# theater door



## showcattleguy (Jun 30, 2011)

Hi all
I am just putting the final touches on my theater room and am weighing my options for a door. My wife suggested a frameless glass door similar to a shower door. My question is can this work assuming a guy sealed it up properly abound the edges. Also the glass would be smoked/tinted so light leak is not an issue. Would 1/2 be thick and heavy enough to keep it from turning into a big drum head? Thought I would ask to see if anyone had any insight or seen this done before. 
Thanks


----------



## Todd Anderson (Jul 24, 2009)

Take this for what it's worth, but I wouldn't add something highly acoustically reflective, like glass, into the theater.

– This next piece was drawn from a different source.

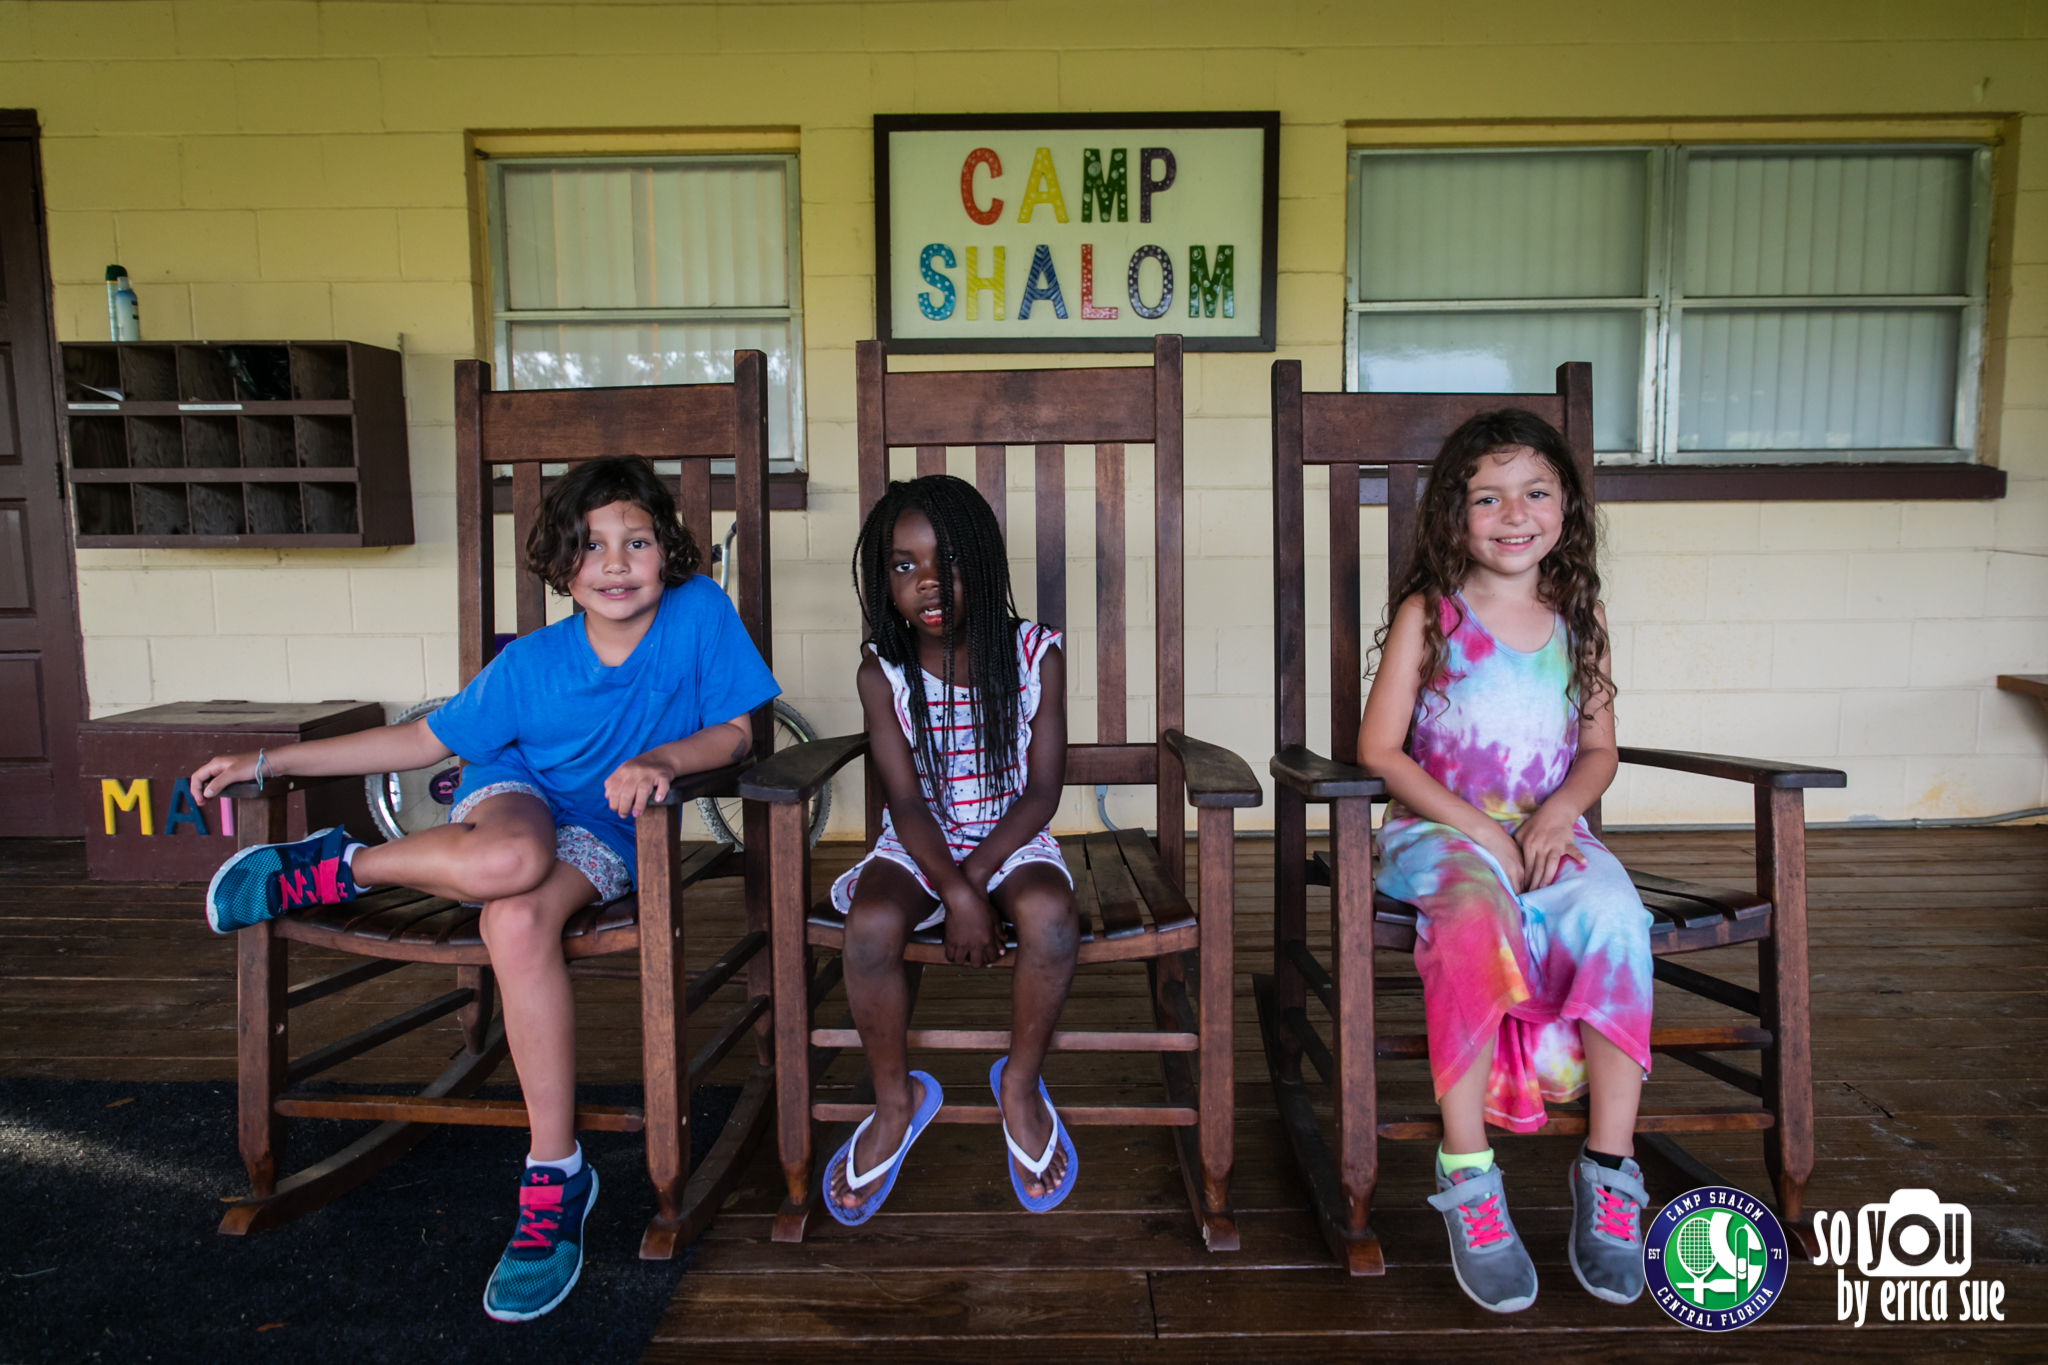 camp-shalom-sleepaway-camp-central-florida-so-you-by-erica-sue-3074.jpg
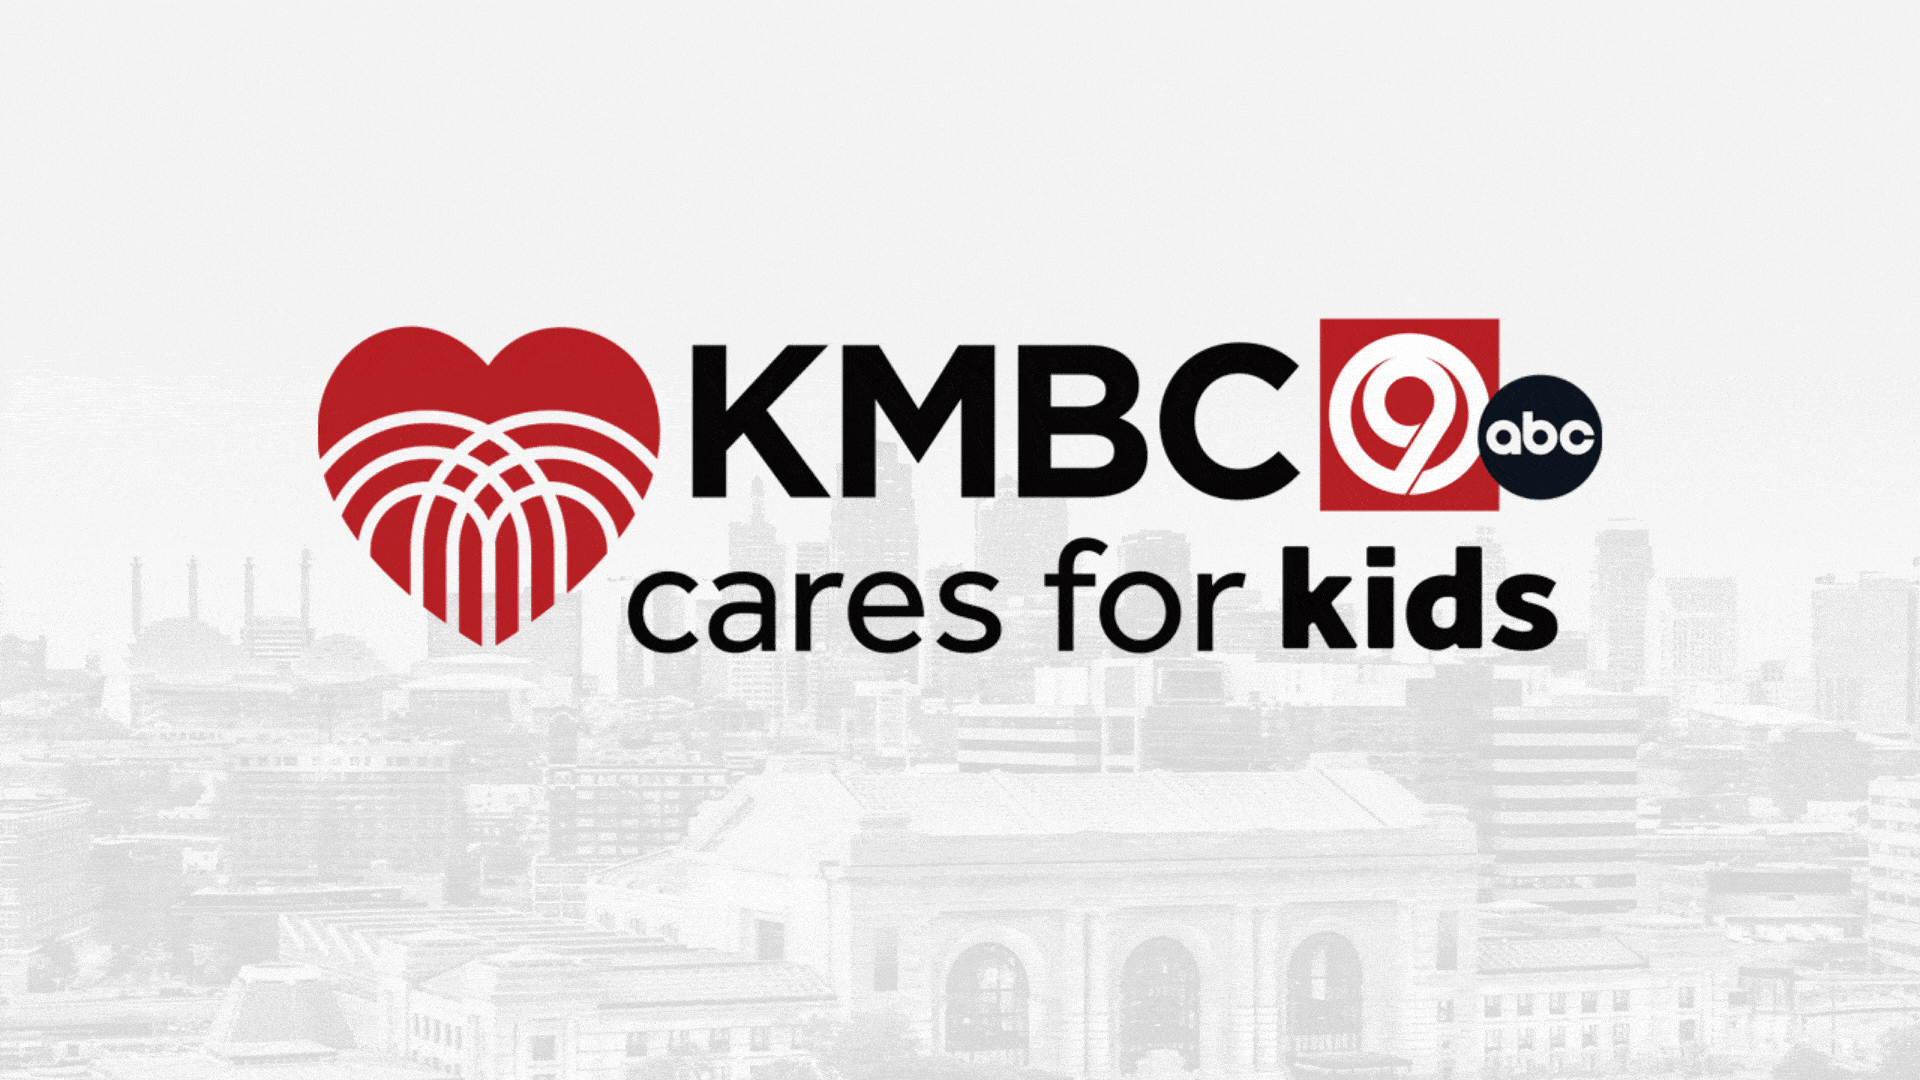 KMBC 9 Cares for Kids

Not sure if you have added, or thought about, absorption panels... But depending in where the door is, you might consider a solid wood door that can house absorption.

Anyway, just a thought.


----------



## showcattleguy (Jun 30, 2011)

Have not added them yet but it is for sure on the list as I have heard the difference between a treated room and untreated. We were just trying to incorporate items with a high WAF to add that polished look. I just wasn't thinking about whether a half inch or thicker sheet of glass would cause problems within the room so much as letting sound out, but I am glad you brought that up.


----------



## Todd Anderson (Jul 24, 2009)

Honestly, I think adding glass in would do more harm than good from that perspective. Someone else might have a different perspective... See what chimes in! ;-)


----------



## bpape (Sep 14, 2006)

Glass is pretty much the last thing I'd put in a room if I could avoid it. The only thing harsher sounding is a tile floor.

Bryan


----------